The future and feasibility of the Supreme Court ruling on creating a single universal system depends on a broader and equal access to health in Colombia. This process should be conducted by implementing some previous actions as piloting experiences to extend coverage, to improve the quality of health care, to reduce costs, to increase promotion and preventive measures (so scarce in the context of the current Colombian Health System) and to guarantee the financial and institutional feasibility of a single health package. But should be the government able to buy this challenge and does the society have enough willing to pay for it?




NOTES

[1] There are two other health schemes – the voluntary enrollment insurance, which comprise a small segment of the high income families and could be overlapped with the CR, and the special regimes for some civil servants categories as military, judiciary, congress members and others. According 2003 estimates these schemes spent 8% and 2% of the total health expenditure, respectively (See Acosta, Ramirez and Canon, 2005). Given that both schemes are not related with the Colombian Health Reform and represent small portion of the enrollment and health spending, they will not be discussed in this concept note.

[2]The SISBEN (Sistema de Identificación de Potenciales Beneficiarios de Programas Sociales) uses a proxy means test index designed by the National Planning Unit (DNP), conceptually similar to the mechanisms used in Chile’s CAS or Mexico’s PROGRESA beneficiary identification system. The SISBEN index is a function of a set of variables including availability and quality of housing and basic public services, possession of durable goods, human capital endowments and current income.
[3] The contribution to the FOSYGA was 12.0% of the payroll until January 2007, when it increased to 12.5%.

[4} In addition the one percent remaining was financed by other sources as “Cajas de Compensacion”.

[5] Health providers are called IPS (Instituciones Proveedoras de Salud) according the definitions used by the Colombian health system.

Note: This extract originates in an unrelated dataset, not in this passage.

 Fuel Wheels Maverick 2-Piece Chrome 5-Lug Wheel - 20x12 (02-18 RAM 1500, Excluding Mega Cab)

[6]In fact, the UPC paid in the SR regime is almost 60% of the value of the UPC paid in the CR regime. Between 1997 and 2003, the real value of the UPC decreased in 20% in the SR and in 11% in the CR.

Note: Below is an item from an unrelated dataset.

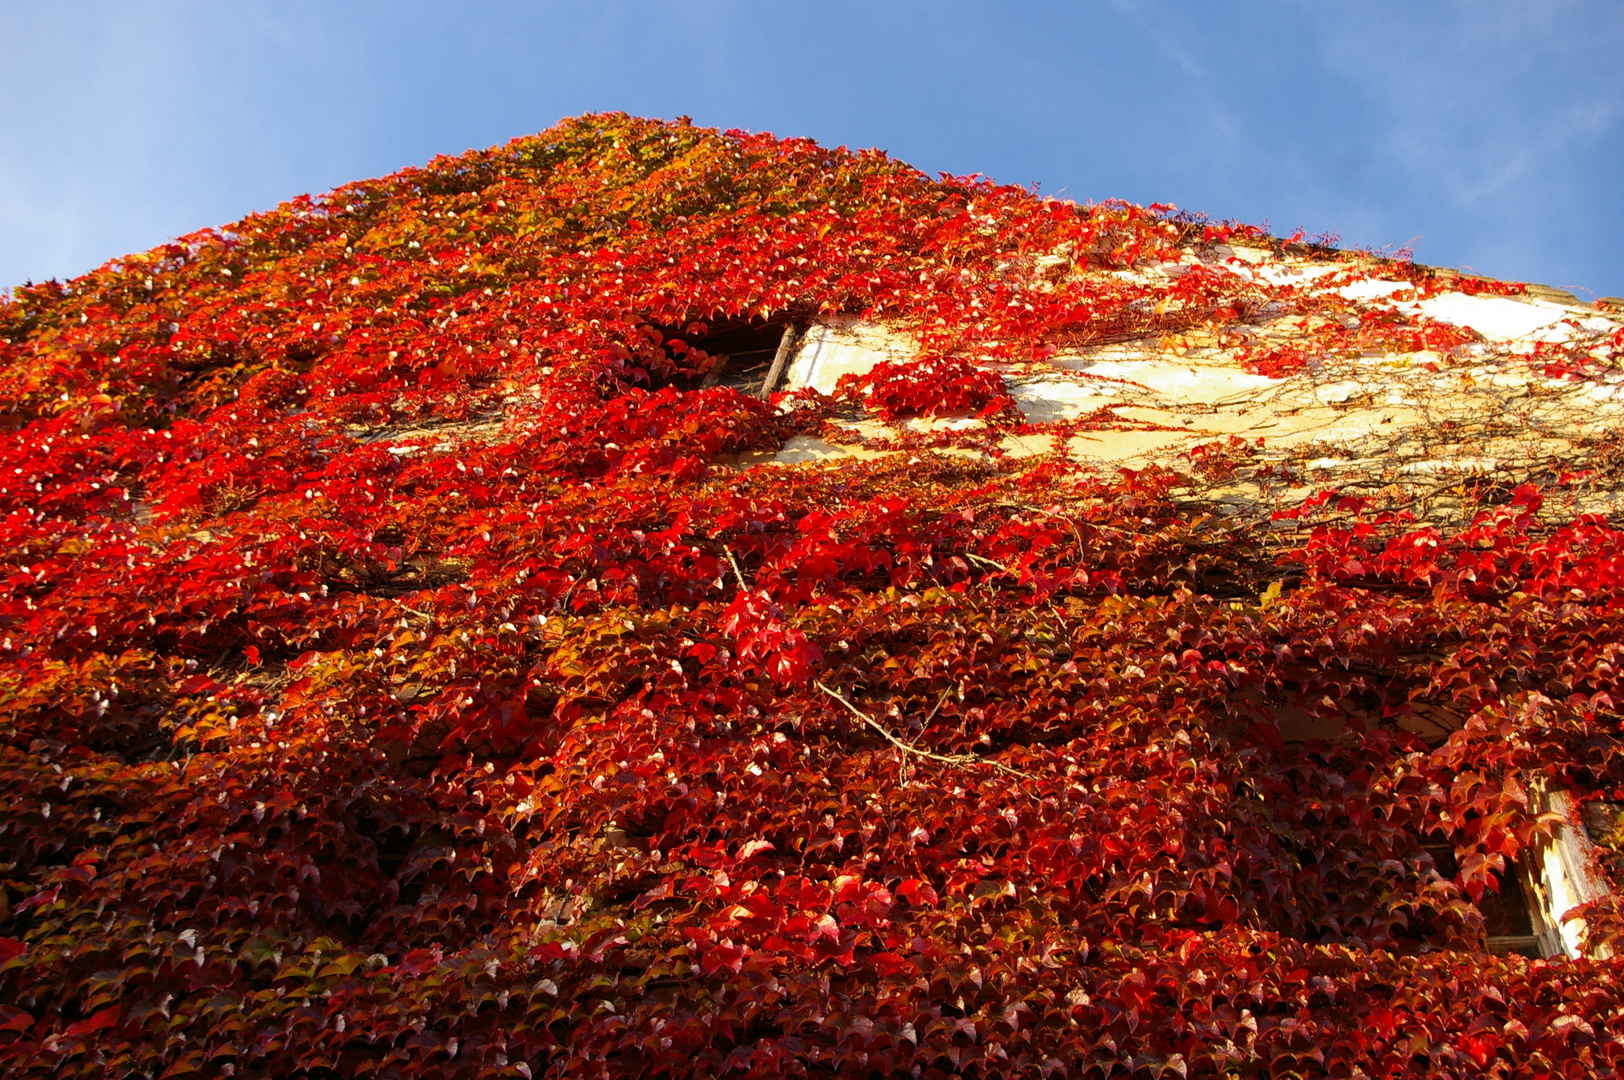 Hausfassade in Rot

[7]The SISBEN score allows the ranking and stratification of potential beneficiaries based on the severity of poverty: level 1 for the poorest which roughly correspond to the national definition of extreme poverty; level 2 for the traditional definition of poverty line; and level 3 for three times the extreme poverty line. In total, six levels of SISBEN are calculated, with total scores ranging from 0 to 100. For the subsidized regime, the cut-off score for eligibility is 22 in urban areas and 32 in rural areas which comprises SISBEN levels 1 and 2.

[8]The ultimate definition of procedures and pathologies covered by the POS in the SR is listed in the Acuerdo 000306 issued on August 16, 2005 (published as Diario Oficial 46.096, November 18, 2005). However the POS in the SR still offers less coverage than the POS in the CR, especially regarding ambulatory services and second and third complexity level interventions.

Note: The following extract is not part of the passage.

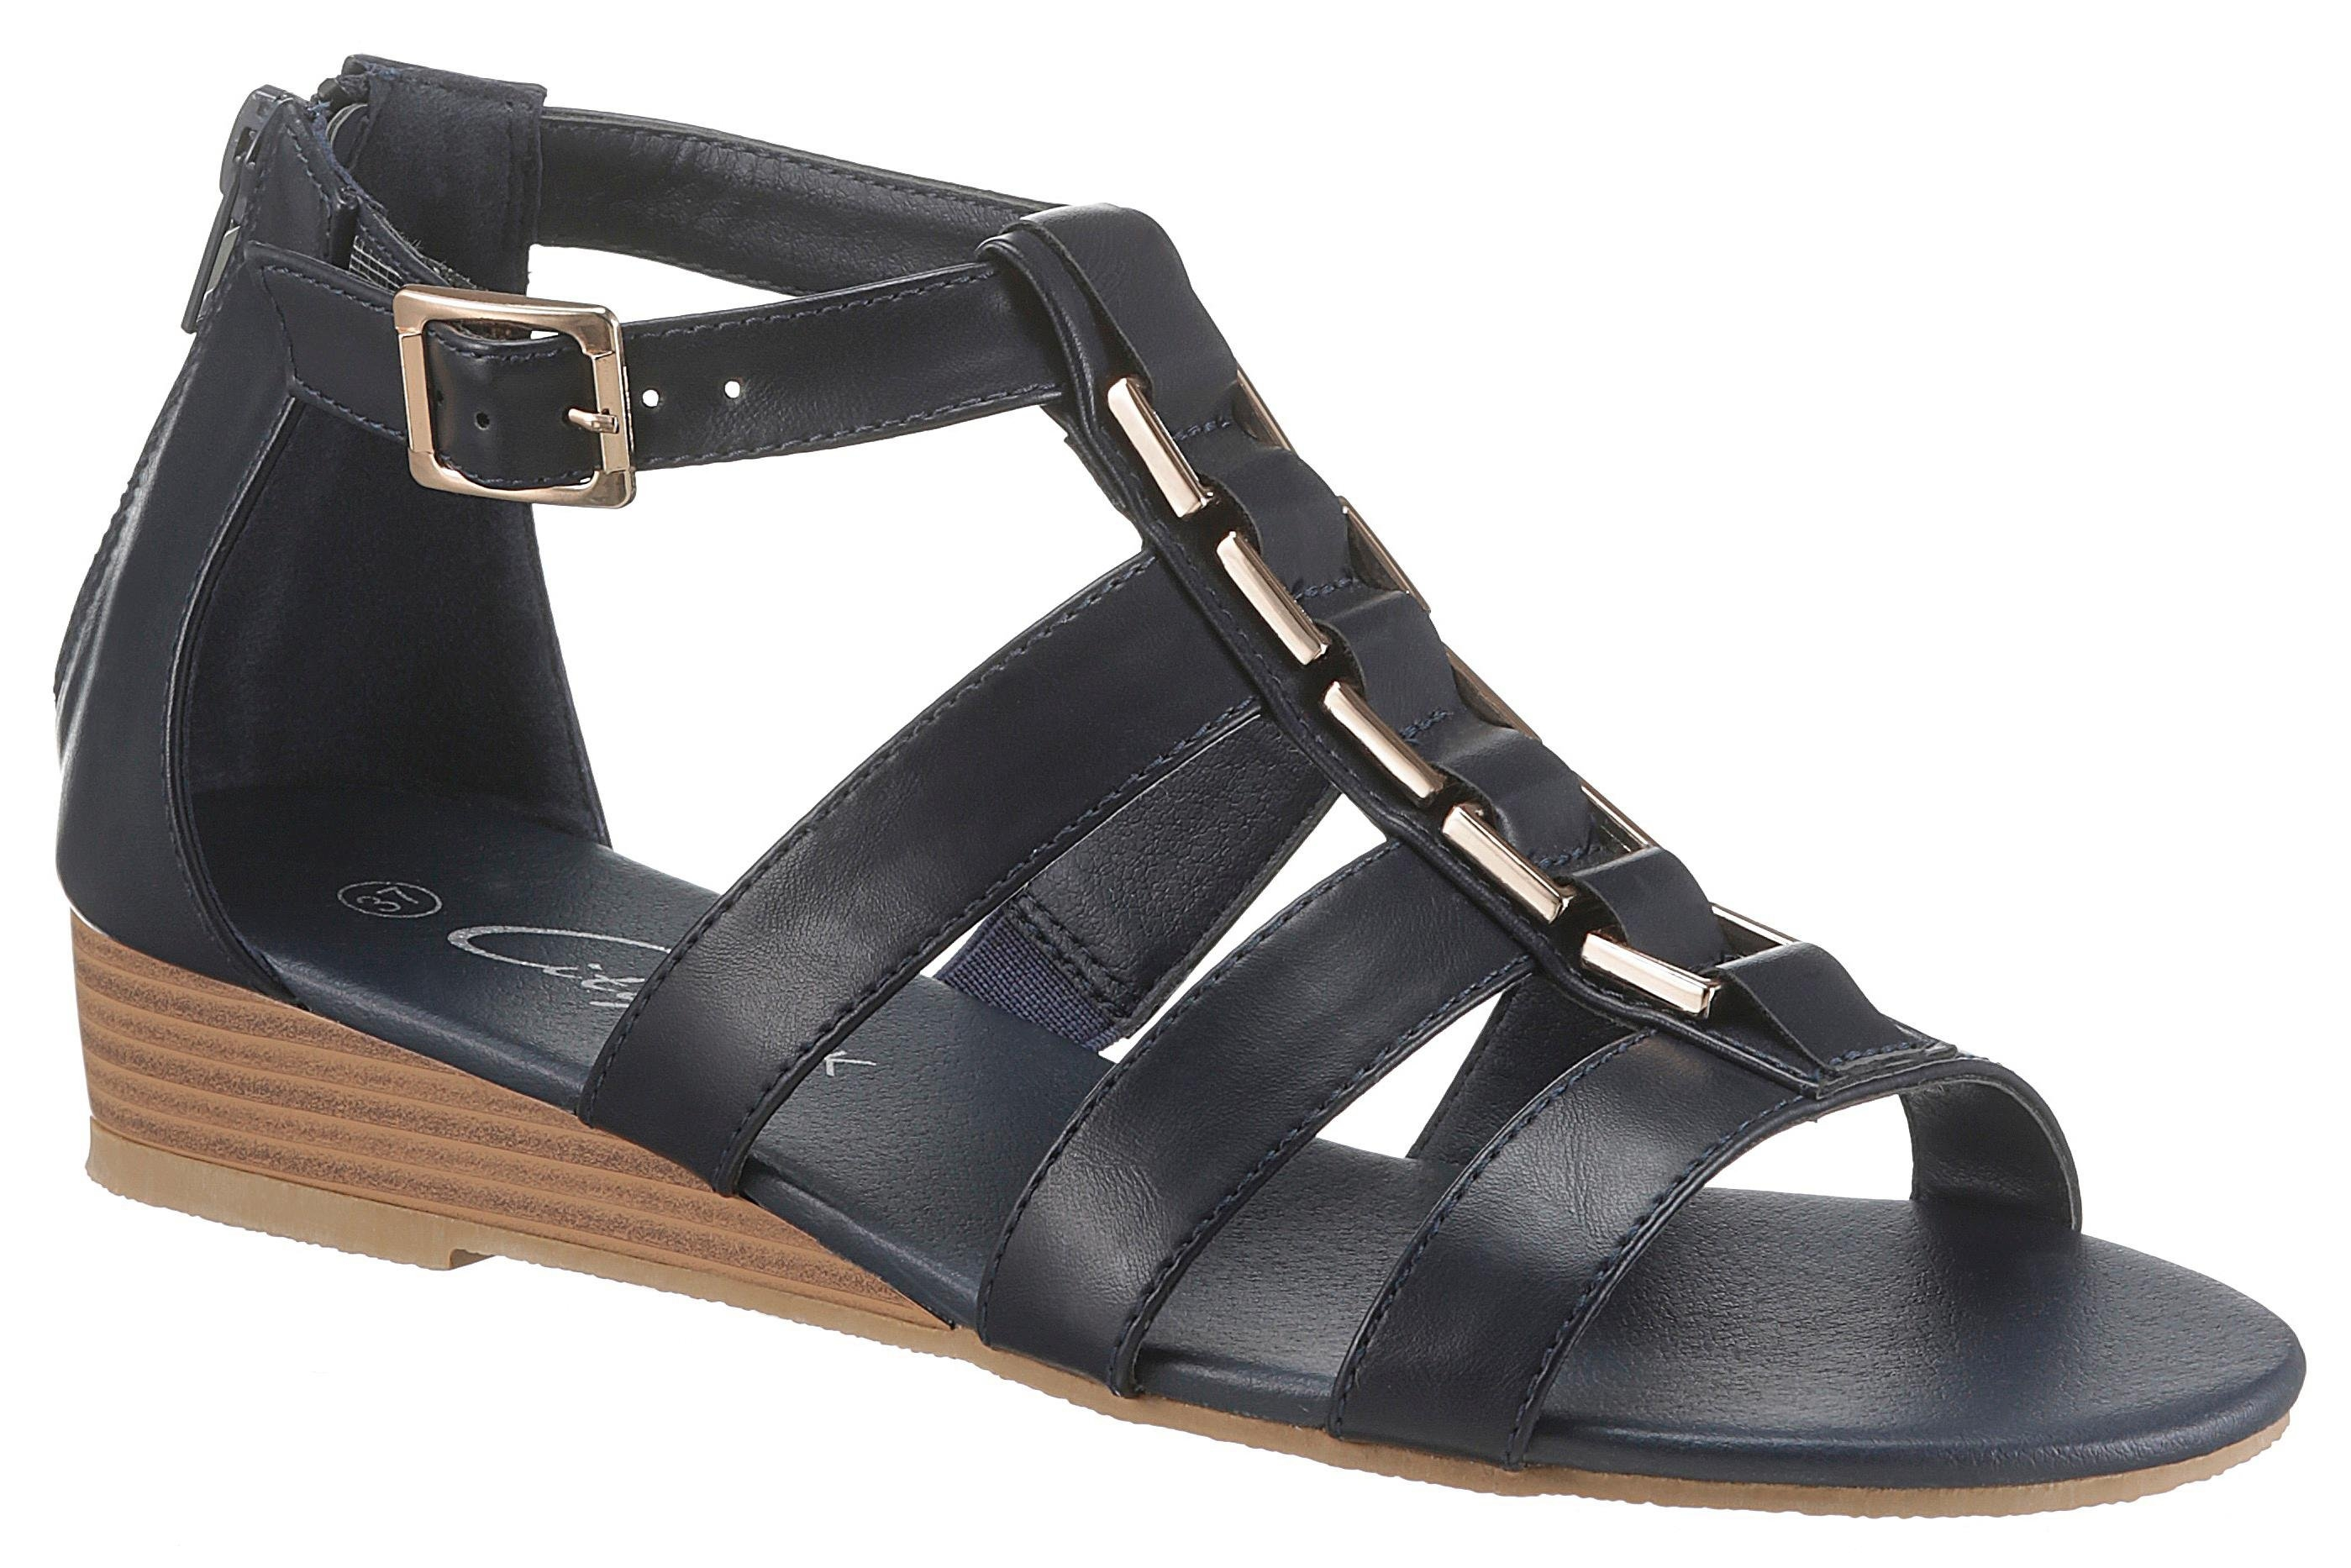 CITY WALK Romeinse sandalen nu online bestellen

[9]According Acosta, Ramirez and Canon (2003) the distribution of the Colombian health public expenditure was the following: 41.4% to the SR; 9.1% to public health and 50.5% to cover the population enrolled in the SSCS. Using 2003 household surveys we can observe that 35% of the Colombian population is affiliated to the CR; 24% to the SR and 41% are “vinculados”. At least two thirds of the vinculados were covered by the SSCS in 2003 according administrative records and the remaining population was supposedly not covered.

[10] The EPS dedicated to provided services to the SR are called ARS (Subsidized Regime Administrator Companies). Public Hospitals can be organized under ARS schemes, as State Social Enterprises (Empresas Sociales del Estado), but only a few public hospitals in Colombia have fully implemented this management model.